=== Begin Enclosure ===

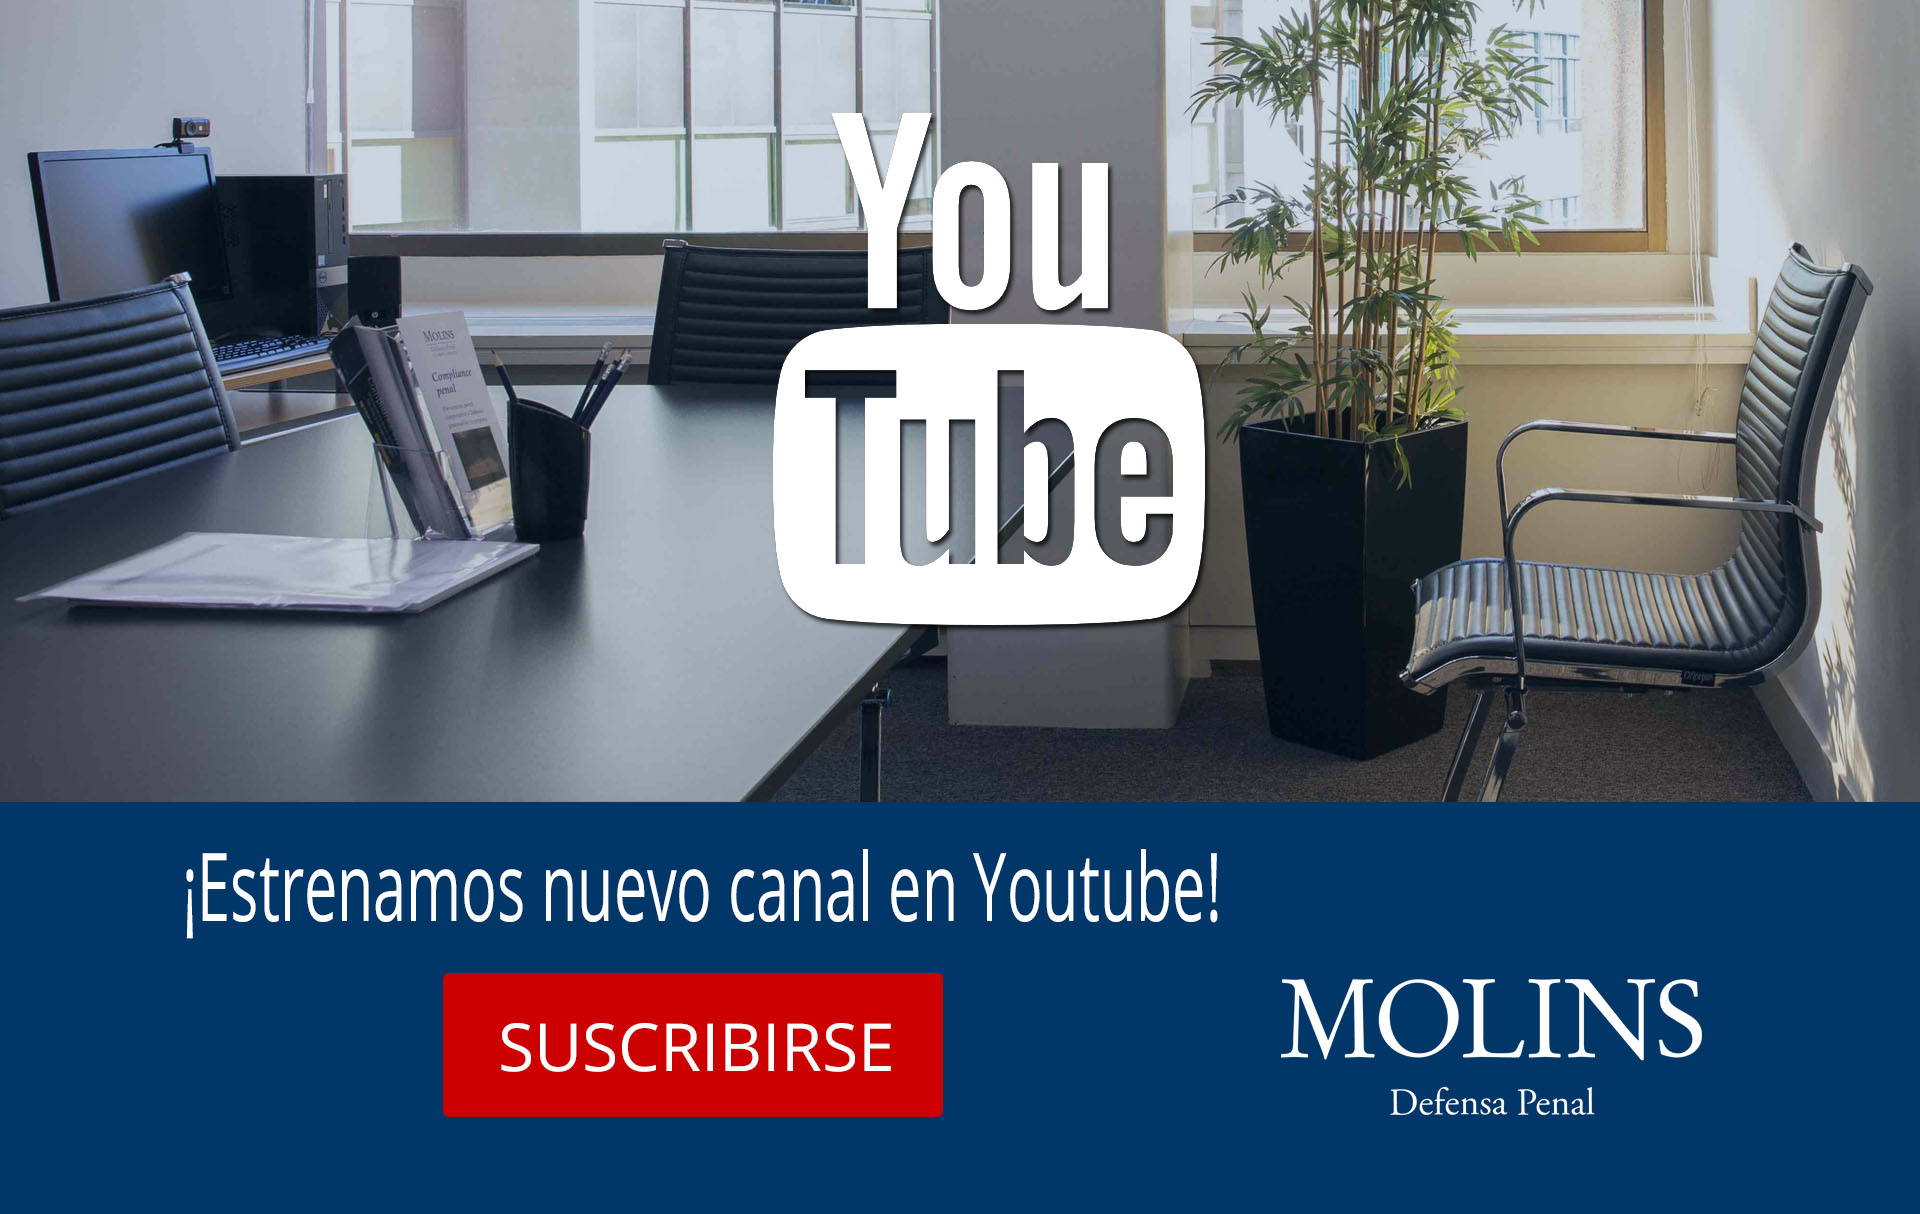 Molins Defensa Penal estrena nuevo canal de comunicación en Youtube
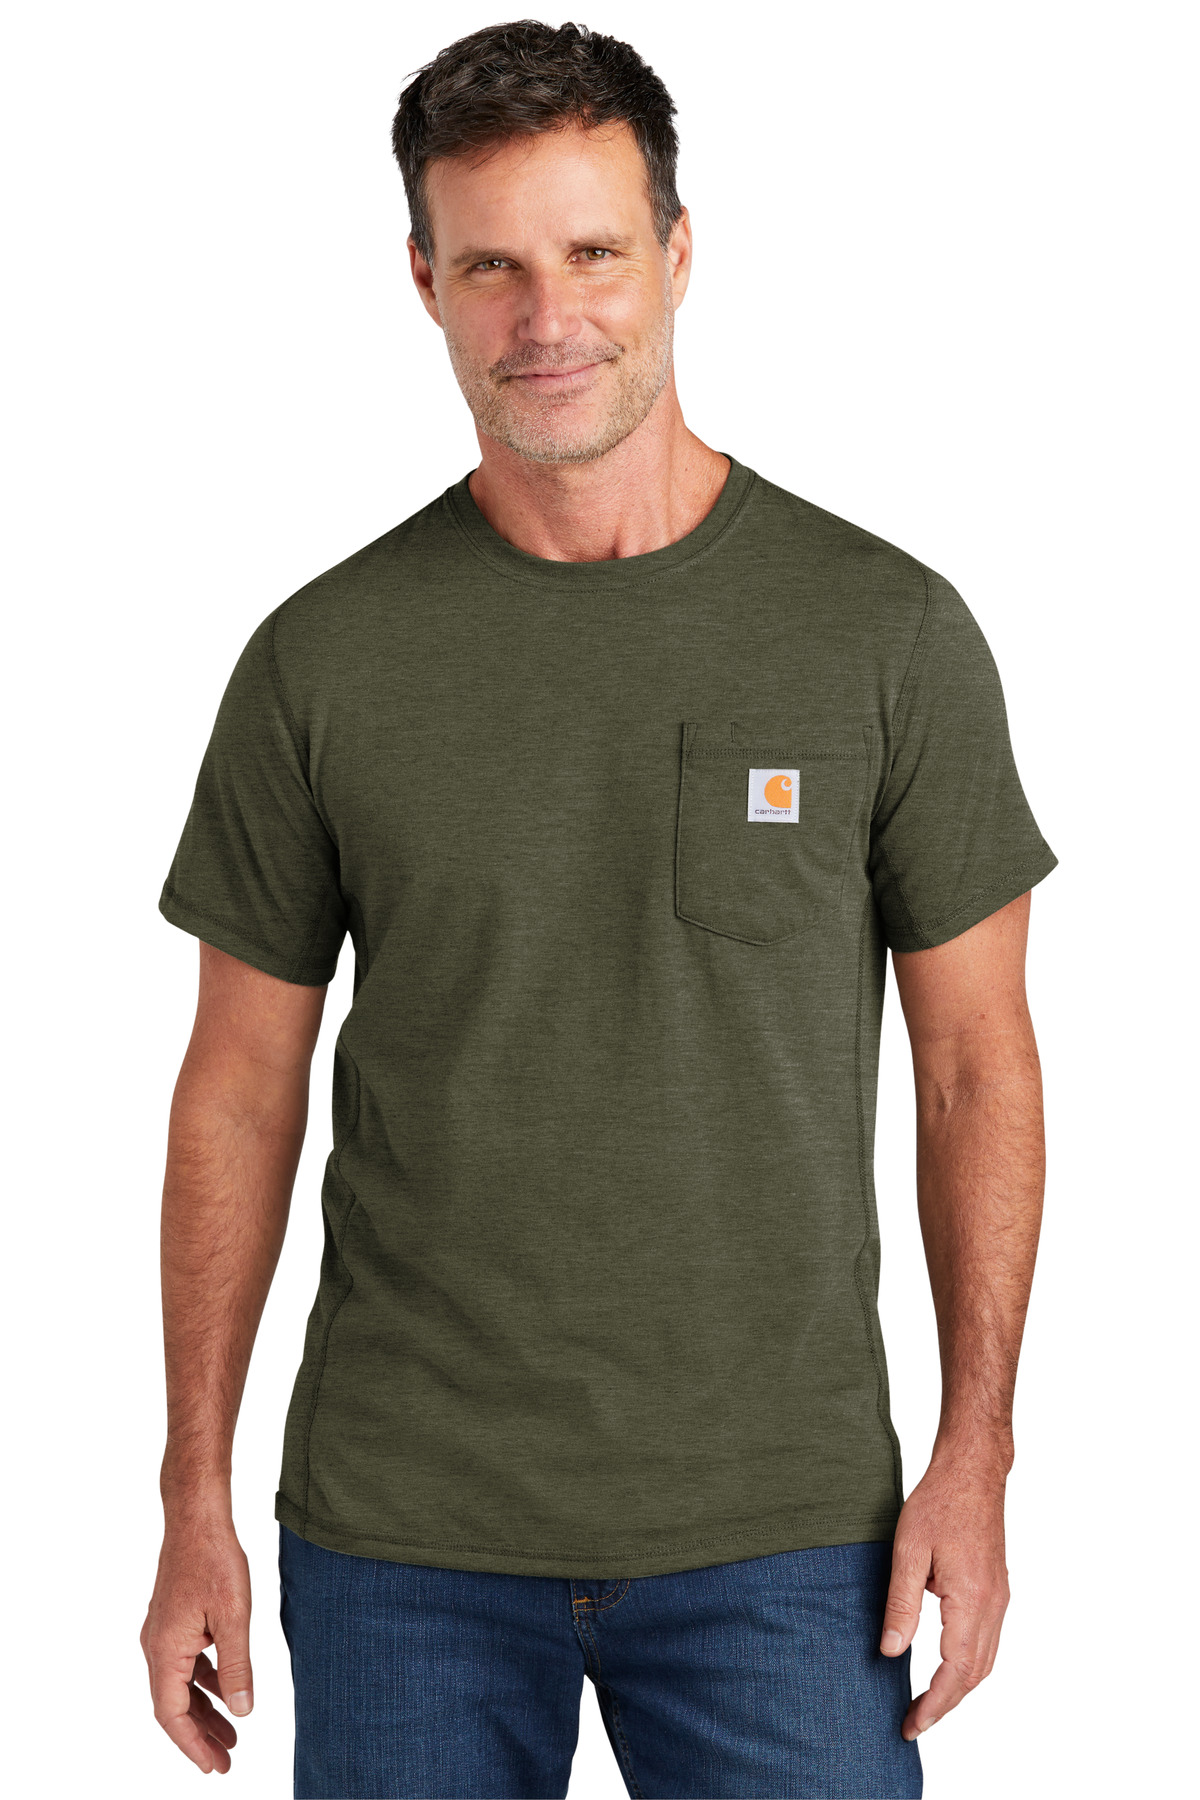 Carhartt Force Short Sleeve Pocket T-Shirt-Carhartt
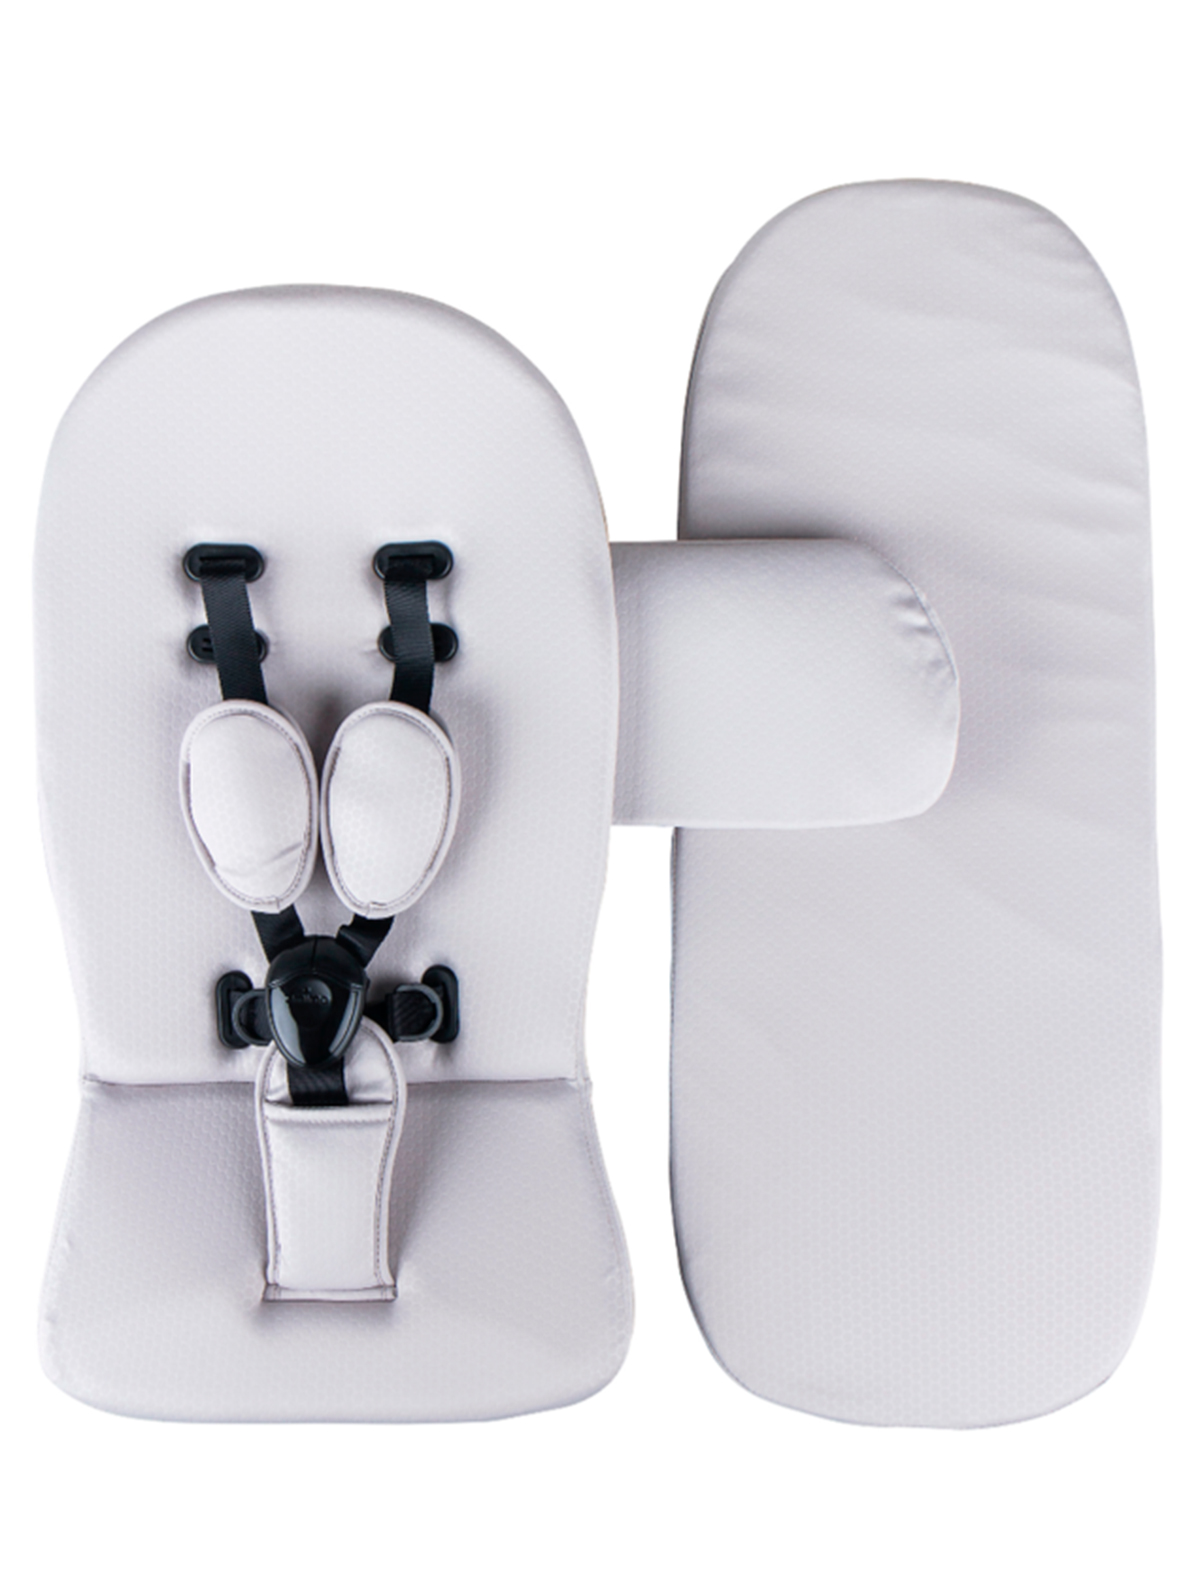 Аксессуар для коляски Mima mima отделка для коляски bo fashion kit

=== End Enclosure ===

**TASK REQUIREMENTS**:
Restate the listing word for word, pictures omitted.

**EXERCISE SOLUTION**:
 Molins Defensa Penal estrena nuevo canal de comunicación en Youtube
 Carhartt Force Short Sleeve Pocket T-Shirt-Carhartt
 Аксессуар для коляски Mima mima отделка для коляски bo fashion kit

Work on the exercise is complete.